Graphical summary of current RBM20 models, contributing mechanism(s), and phenotypes. Rbm20 KO rodents develop a mild DCM caused by loss of nuclear RBM20 and mis-splicing of RBM20 target genes, such as Ttn and Ca²⁺-handling genes (e.g. Camk2d, Ryr2, etc.). In contrast to RBM20 KO animals, NLS variant KI and RS domain deletion animals develop a more severe DCM phenotype mimicking that in human patients. In addition to RBM20 target gene mis-splicing, these animals also exhibit abnormal accumulation of RBM20 in the sarcoplasm in RBM20 biomolecular condensates (shown as blue circles in the cell diagram). Surprisingly, despite mis-splicing of major RBM20 target genes (i.e., Ttn, Camk2d, Ldb3), RRM deletion and variant KI models show only systolic dysfunction without evidence of adverse remodeling. Notably, there is no evidence for RBM20 mis-localization in the hearts of these animals. NLS variant KI hiPSC-CMs show evidence of a DCM-like phenotype with impaired contractility and Ca²⁺-handling abnormalities along with sarcoplasmic RBM20 condensates and mis-splicing consistent with that in NLS variant KI animals.

Figure 4.

RBM20-dependent regulation of TTN alternative splicing. The TTN gene consists of 363 exons. Alternative splicing occurring in exons encoding the Z-disk (1–28), A-band (252–357), and M-band (358–363) does not significantly alter the size of the titin protein. Exons encoding the I-band region, which consists of the proximal Ig, N2B, middle Ig, N2A, PEVK, and distal Ig segments, are subject to significant alternative splicing under the control of RBM20 that alters titin size to such an extent that it is detectable by gel electrophoresis. At normal levels of RBM20, the N2B pathway is favored such that the ratio of N2B-to-N2BA isoforms in the adult heart is approximately 3-to-7. When RBM20 levels are reduced, N2BA splicing pathways are increased thereby decreasing the ratio of N2B-to-N2BA isoforms in the adult heart. When RBM20 is completely absent as in Rbm20 KO rodents, exon skipping in the middle Ig and PEVK regions does not occur leading to inclusion of these exons and expression of a giant titin isoform (N2BA-G). Adapted from Guo et al. Arrows indicate exons spliced together and solid line connections denote consecutive exons. Arrows with solid and dashed lines indicate validated splicing patterns and putative splicing pathways, respectively.

Figure 5.

RBM20-dependent regulation of CAMK2D alternative splicing. The CAMK2D gene consists of 22 exons.
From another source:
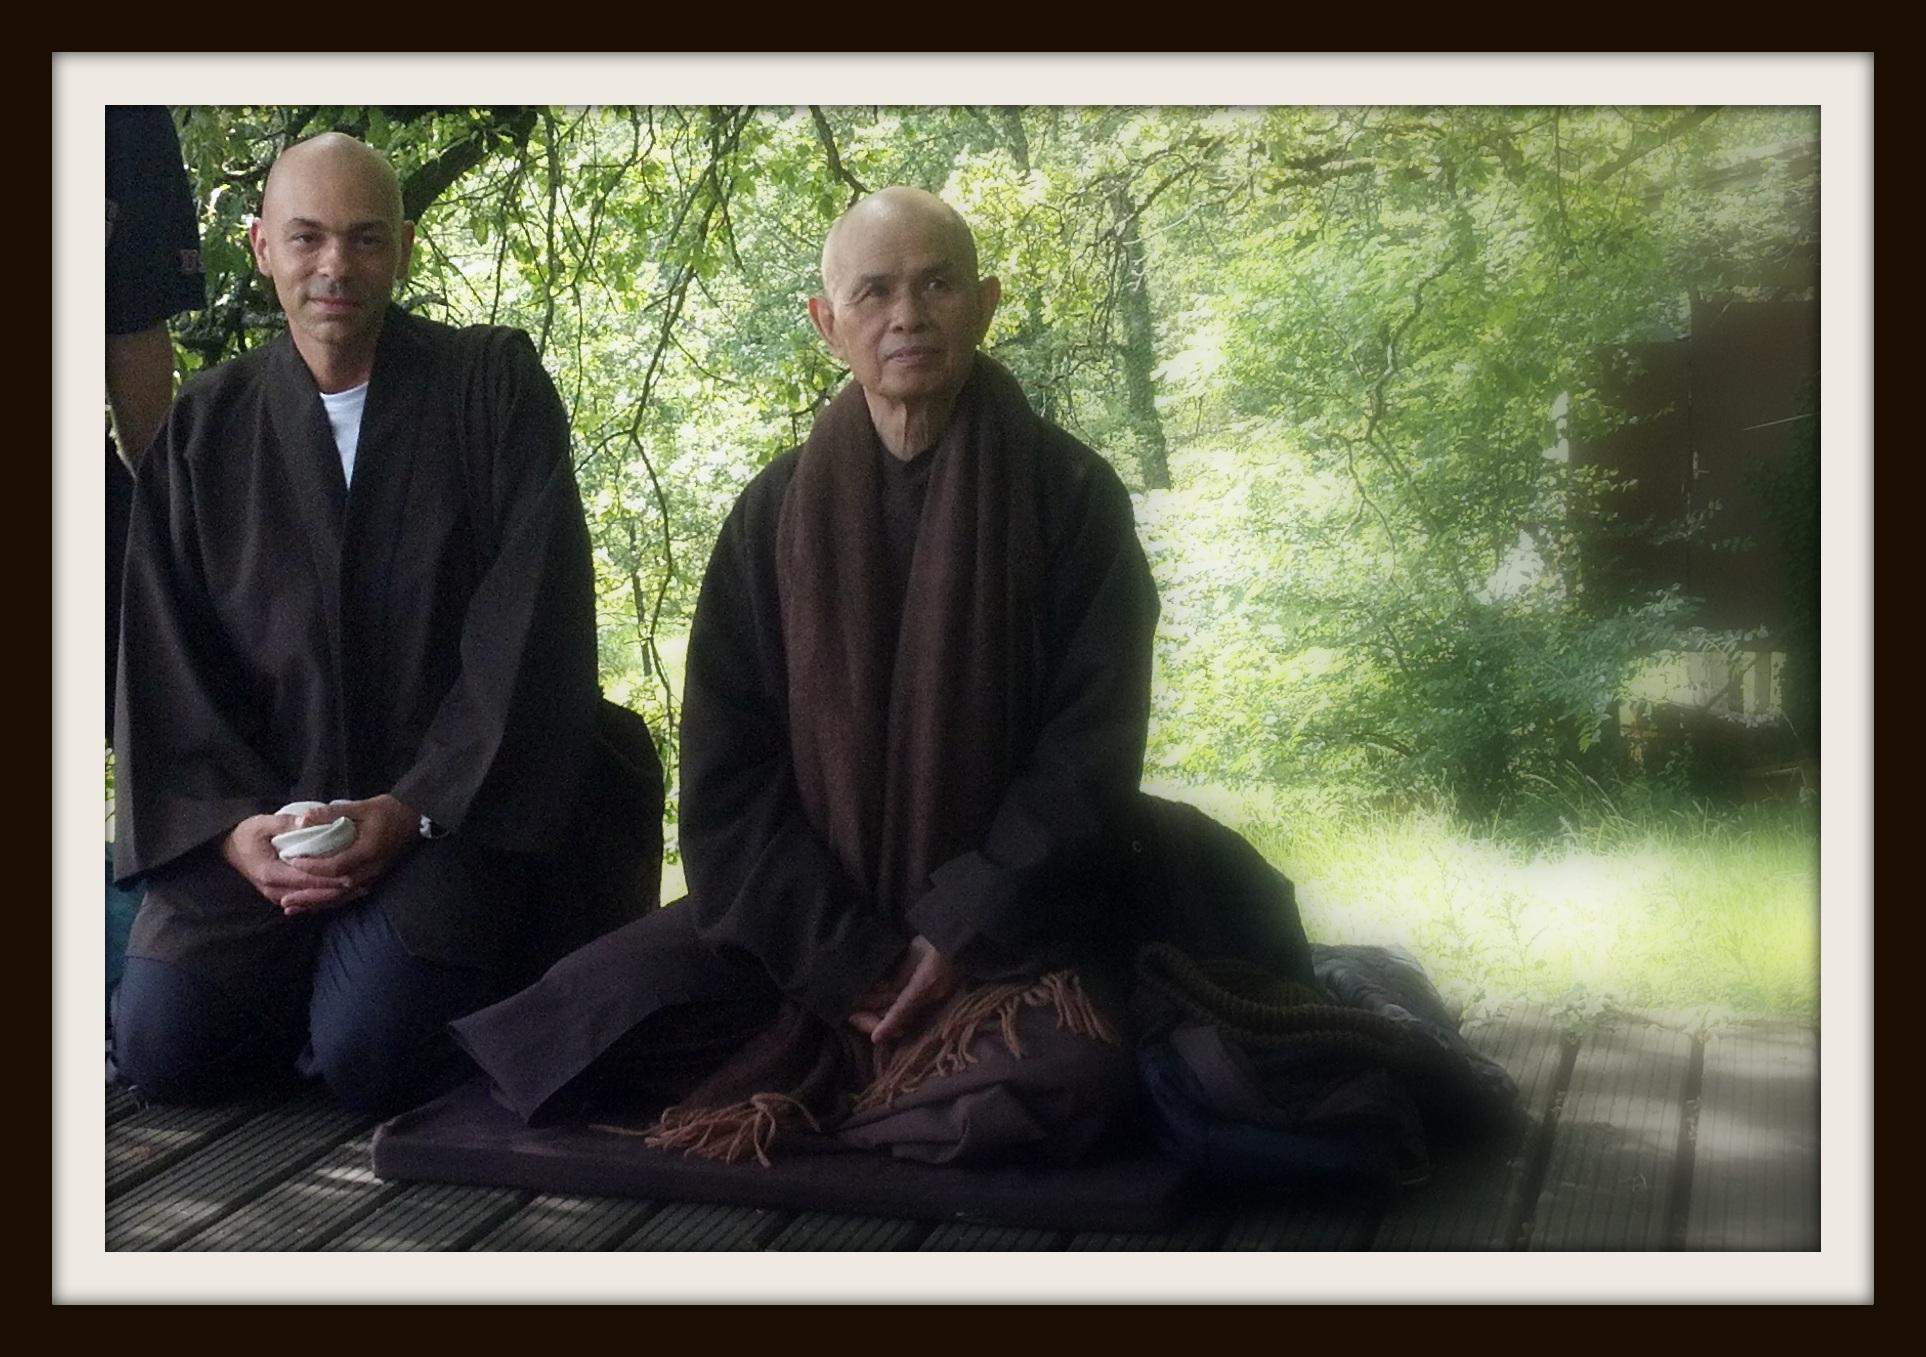 Vitor e o Mestre Zen Thich Nhat Hanh, expoente na história do Budismo

Exons encoding the kinase domain (1–10), regulatory segment (11–12), and hub domain (20–22) are constitutively expressed. Three exons encoding the variable linker (13–19) are subject to alternative splicing (exons 14–16) under the control of RBM20. At normal levels of RBM20, inclusion of exon 14 is favored resulting in CaMKIIδ_B being the dominant isoform expressed in the heart with less of the CaMKIIδ_A, CaMKIIδ_C, and CaMKIIδ₉ isoforms. Conversely, when RBM20 levels are decreased or the protein is absent, exclusion of exon 14 is favored resulting in a shift to CaMKIIδ_A, which contains the NLS, as the dominant isoform expressed in the heart. Expression of the CaMKIIδ₉ isoform is also increased in the hearts of Rbm20 KO animals with less of the CaMKIIδ_B and CaMKIIδ_C isoforms.